• **Task instructions**
In the material below, begin at the line that has "Re:[原创]【BLDDQ】******有阳光、带地景,雾霾奈我何?****** AIRBUS A320-200", stop after the line that has "Китайский сад сада Монреаля ботанического", and transcribe those lines exactly, without pictures.

• **Dataset excerpts**
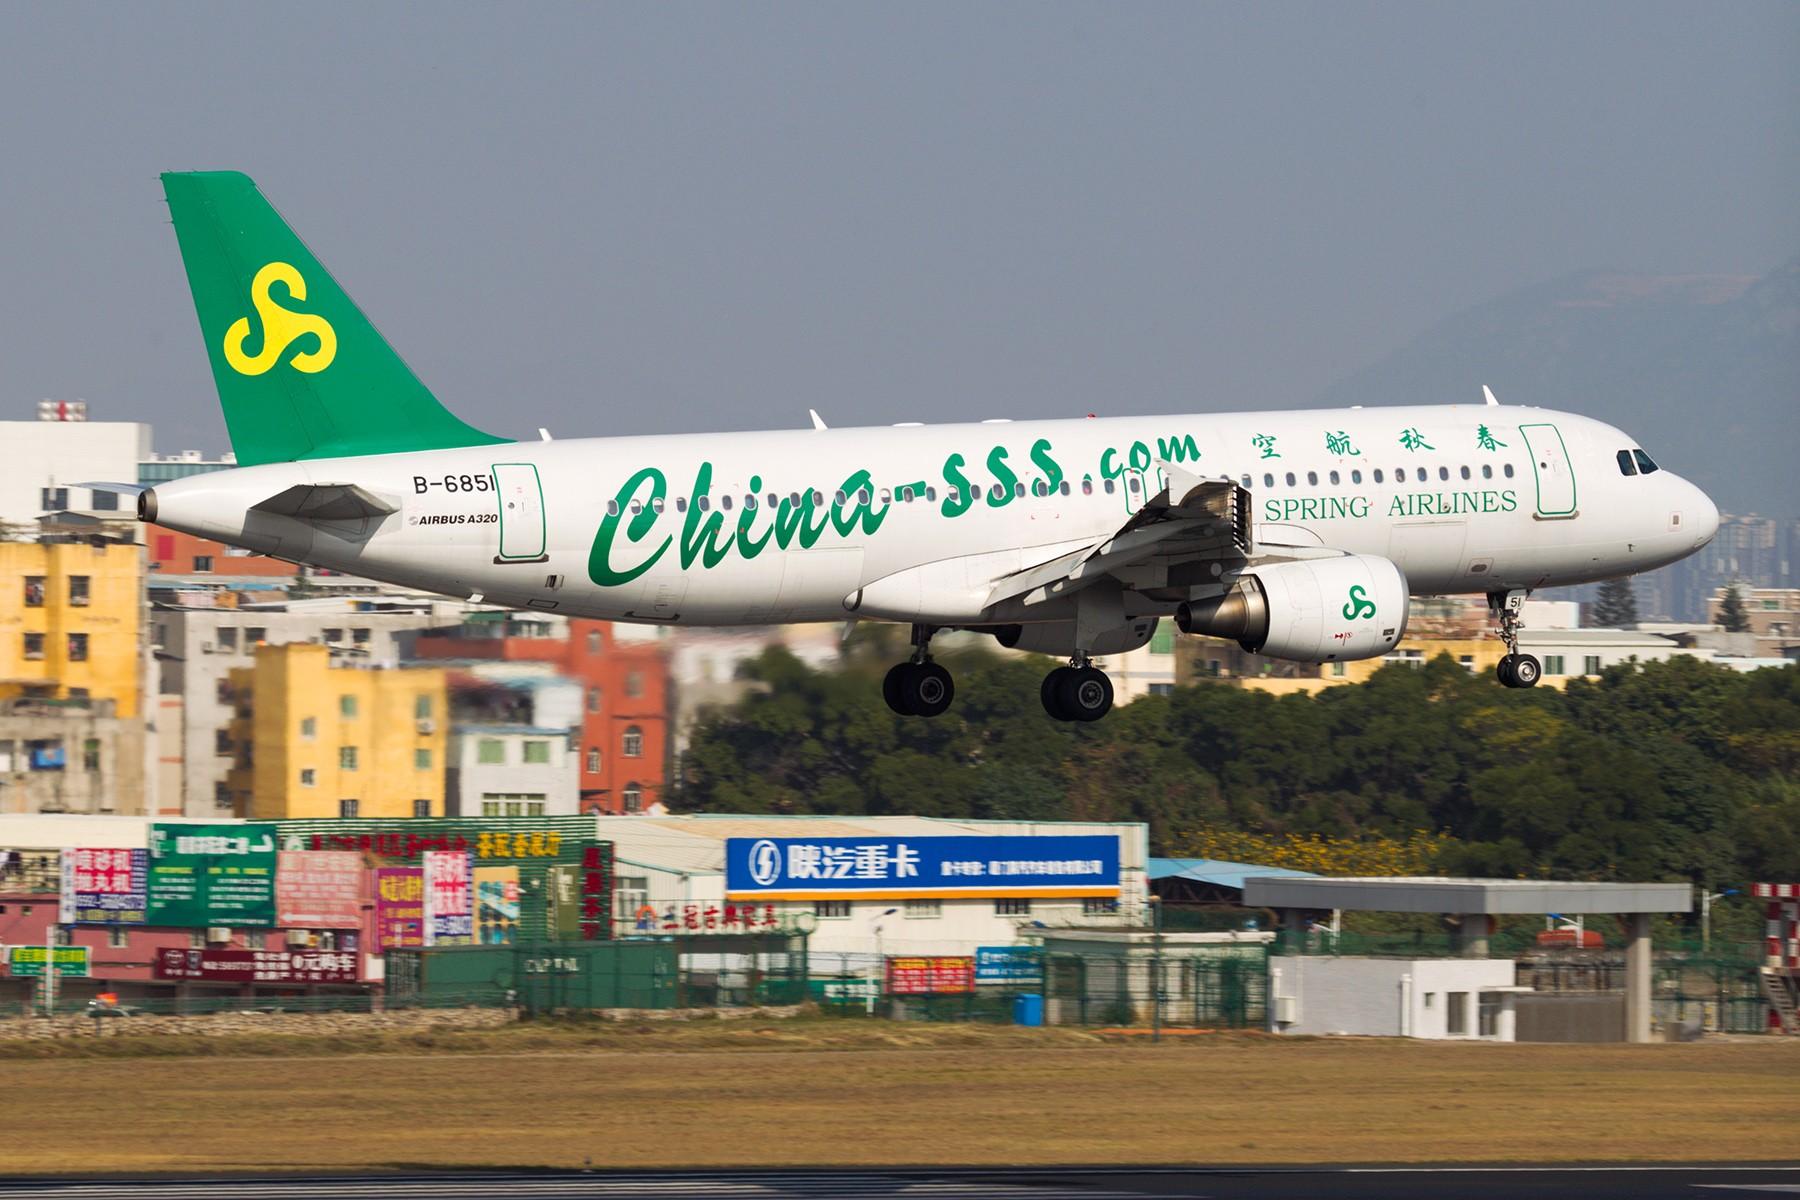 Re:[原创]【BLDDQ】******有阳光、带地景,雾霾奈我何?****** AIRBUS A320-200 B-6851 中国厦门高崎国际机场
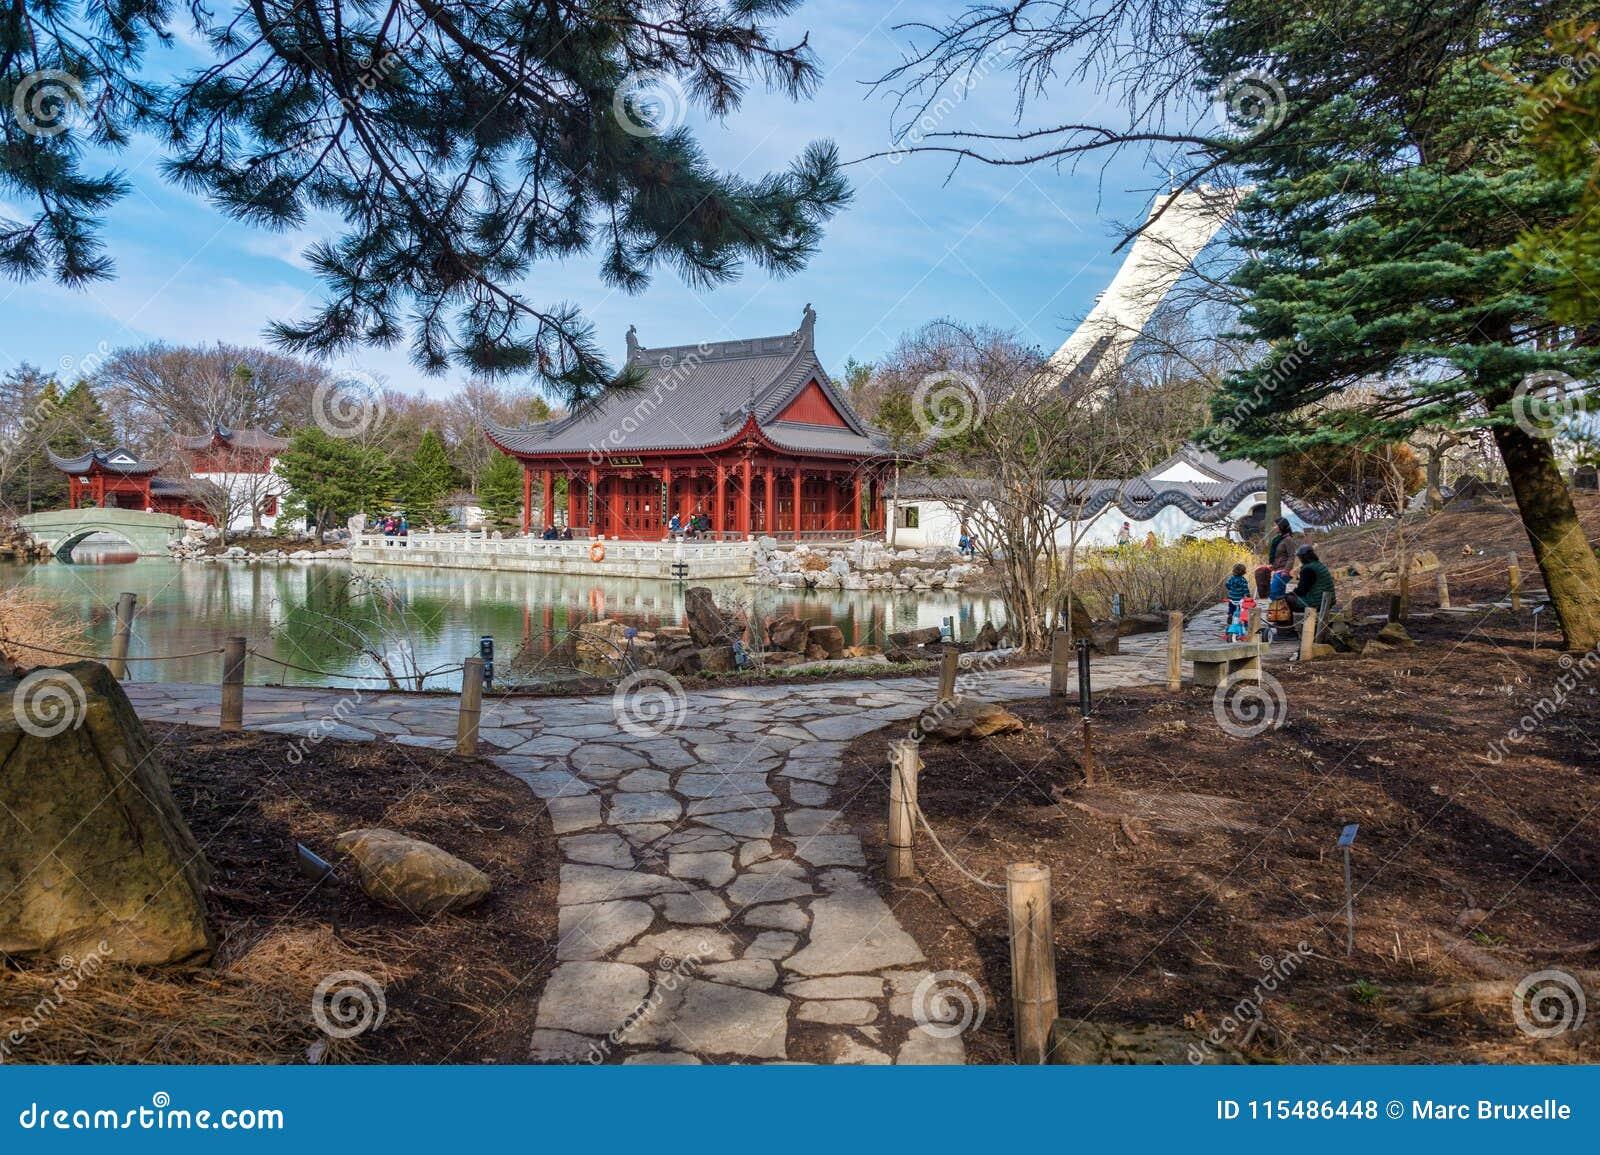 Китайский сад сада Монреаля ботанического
...
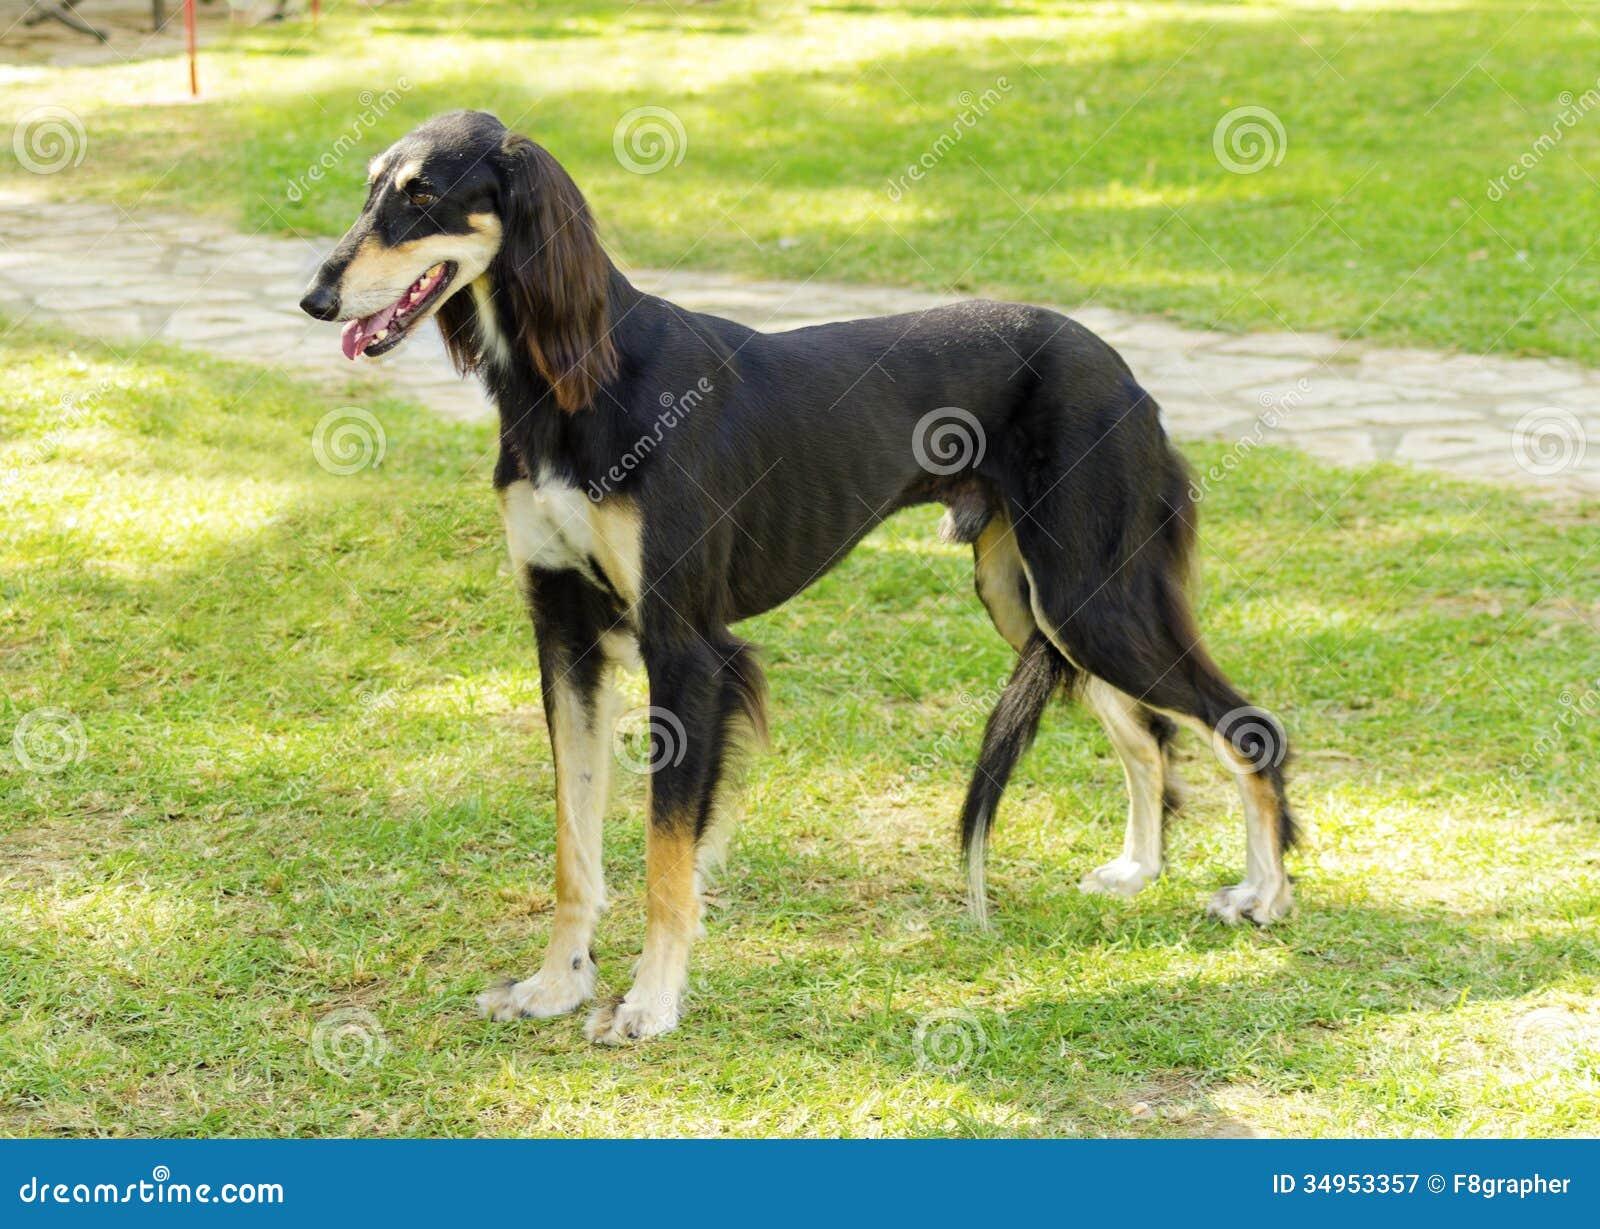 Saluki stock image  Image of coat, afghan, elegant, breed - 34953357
* * *
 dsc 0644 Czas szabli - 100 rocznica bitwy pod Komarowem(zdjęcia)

• **Result of the exercise**
 Re:[原创]【BLDDQ】******有阳光、带地景,雾霾奈我何?****** AIRBUS A320-200 B-6851 中国厦门高崎国际机场
 Китайский сад сада Монреаля ботанического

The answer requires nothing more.